Thu Nov 28, 2019, 04:58 PM
Nov 2019

Start with your clear broth soup, enjoy it for a couple of days then transform it into a thick and creamy soup to finish.

I thicken the soup with a peppery roux with 2 cups cheddar melted in. You can also use instant potato flakes or leftover mashed potatoes to thicken. I like to add some dumplings to the pot, too.

 

mr_lebowski

(33,643 posts)
7. Yeah, I've done that before too, for sure!
Thu Nov 28, 2019, 05:22 PM
Nov 2019

Decided to do a light thickening from the start though this time. I like how it pulls the floating fat down from the top and kinda mixes it throughout the soup.

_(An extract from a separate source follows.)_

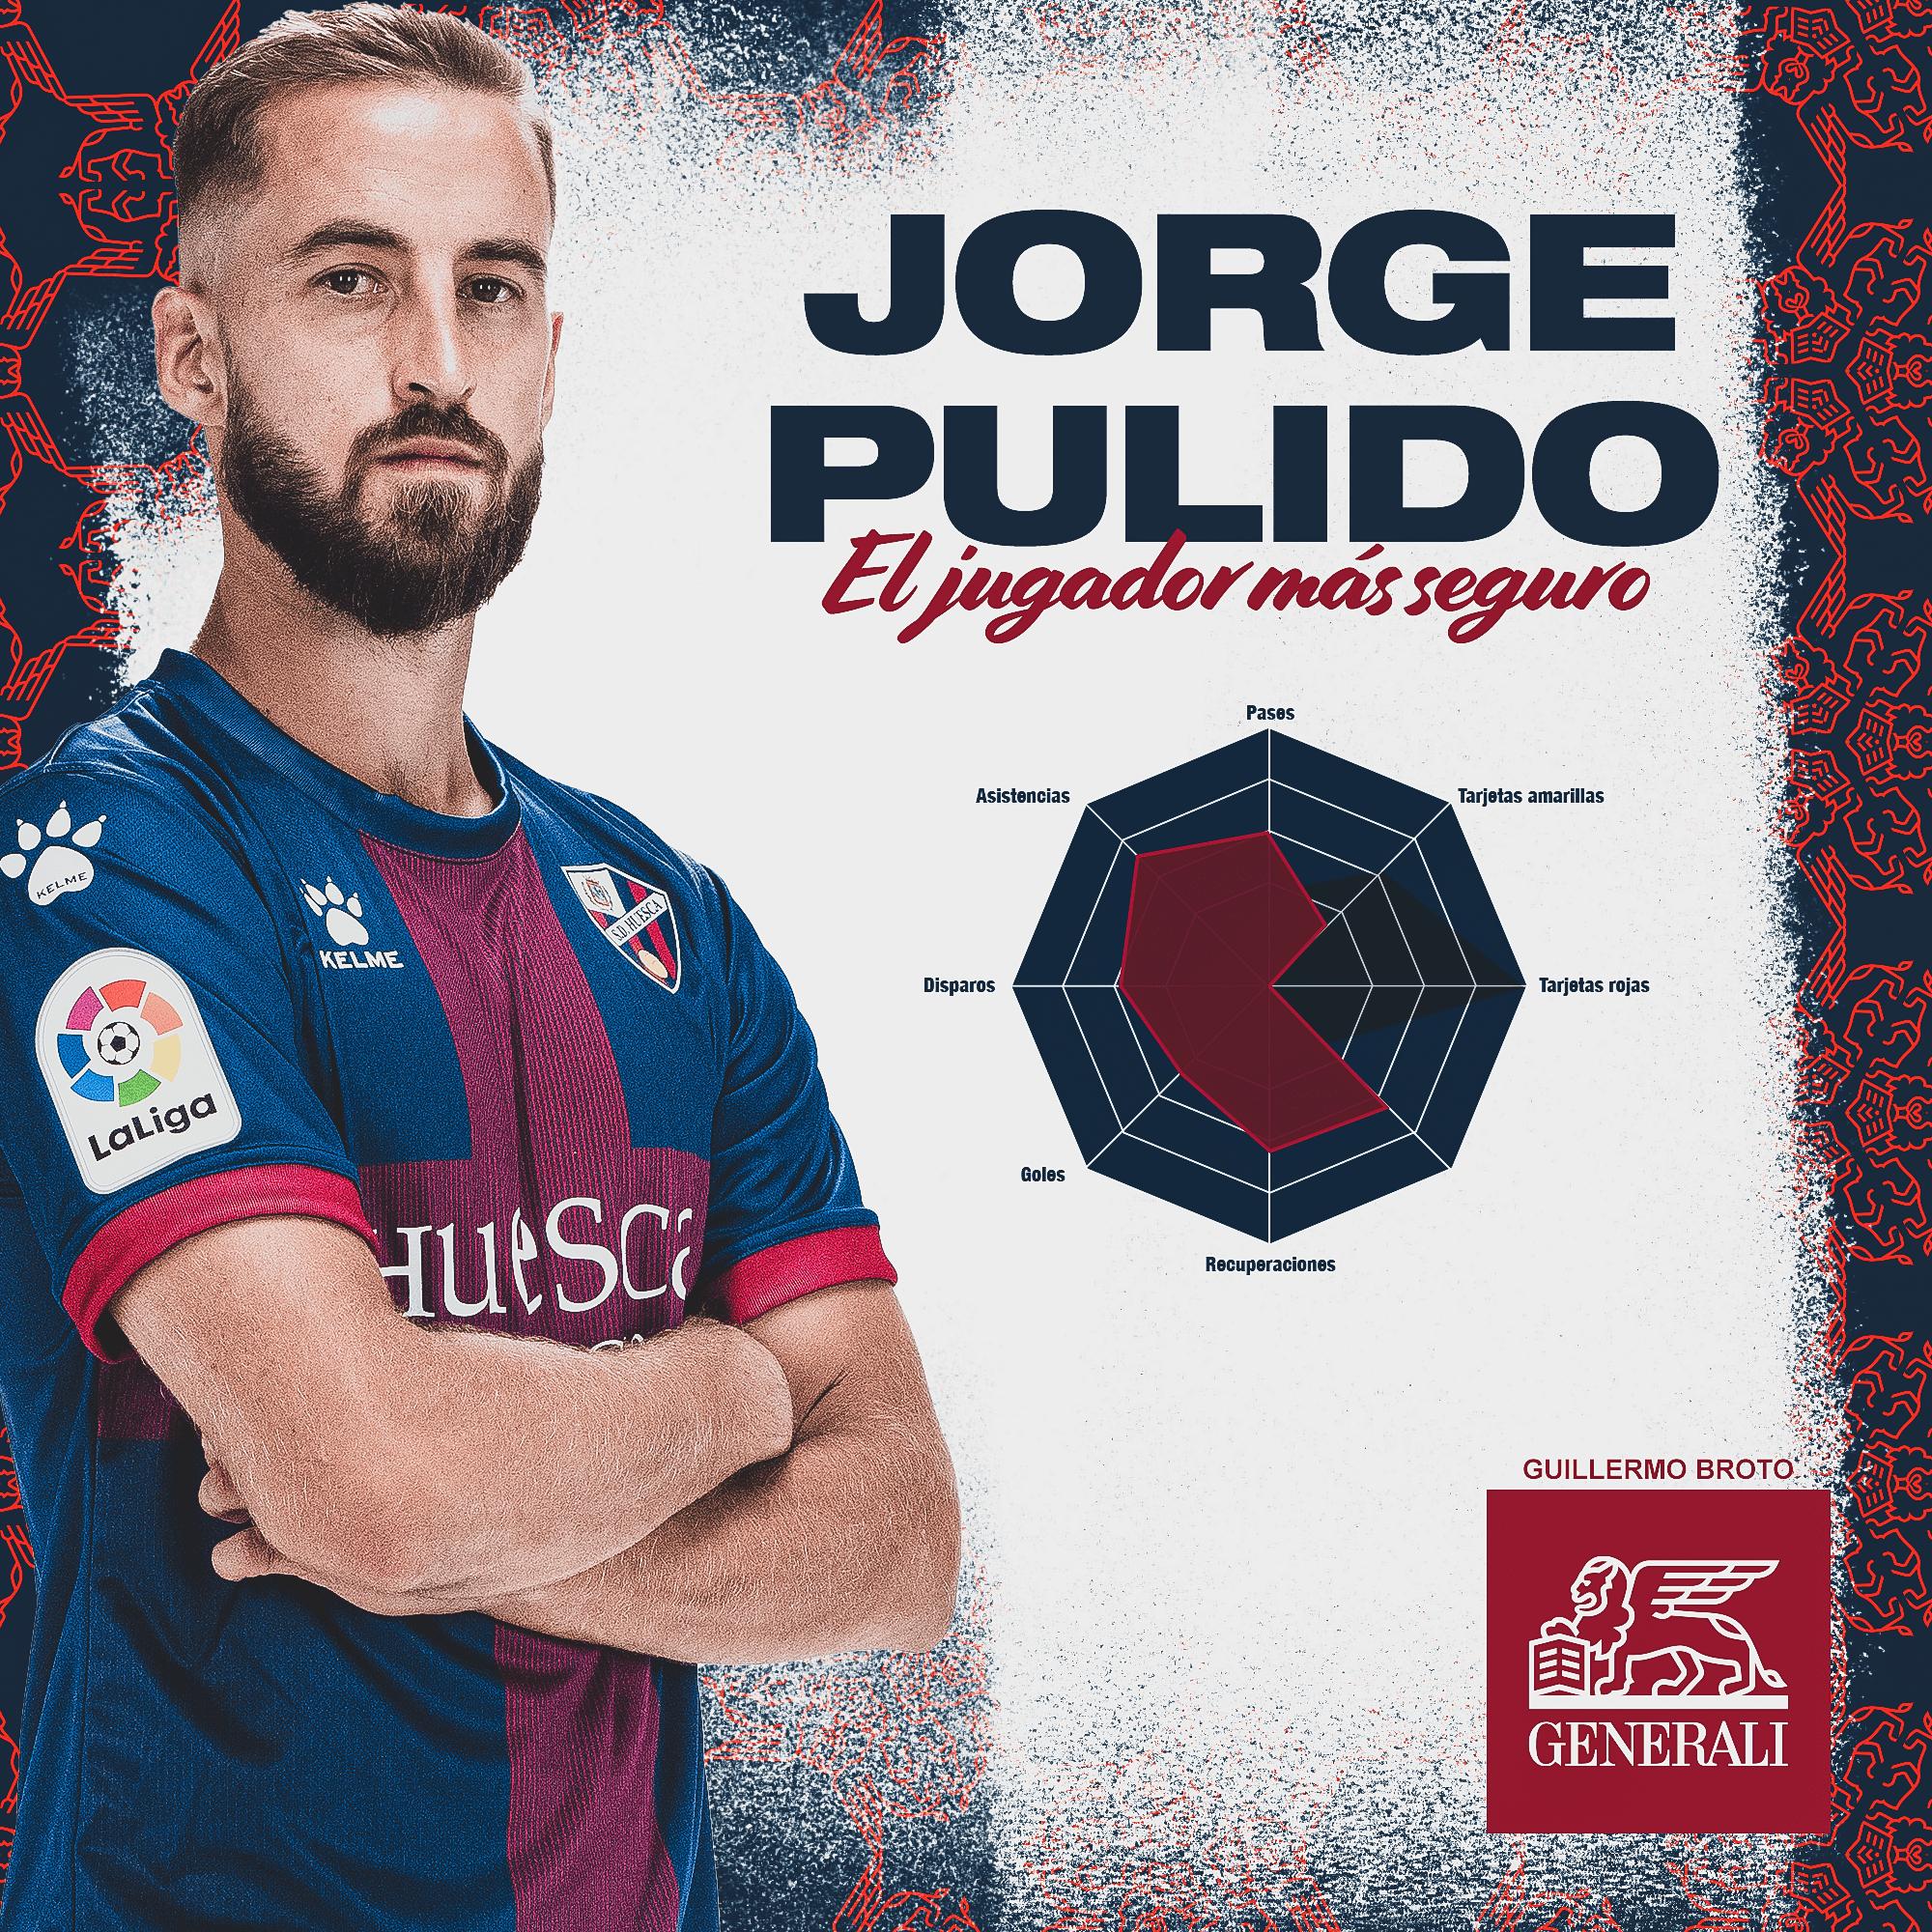 Jorge Pulido, jugador más seguro de abril

I should try the roux method ... I just put the flour in cool water and pour it in. Roux is probably better come to think of it

flor-de-jasmim

(2,125 posts)
10. Clear, but with some spices:
Thu Nov 28, 2019, 06:39 PM
Nov 2019

Cloves of garlic
Fresh ginger
Cumin
Turmeric

When the soup is nearly finished, I drop a couple of eggs into the hot soup and use a fork to swish them around until the soup is cloudy, then I squeeze fresh lemon in to finish.

For a substantial soup for 2 I use about 2 tbsp cumin and a little less turmeric, 1 tbsp chopped ginger and 3-5 cloves garlic, 2 eggs and one-half lemon.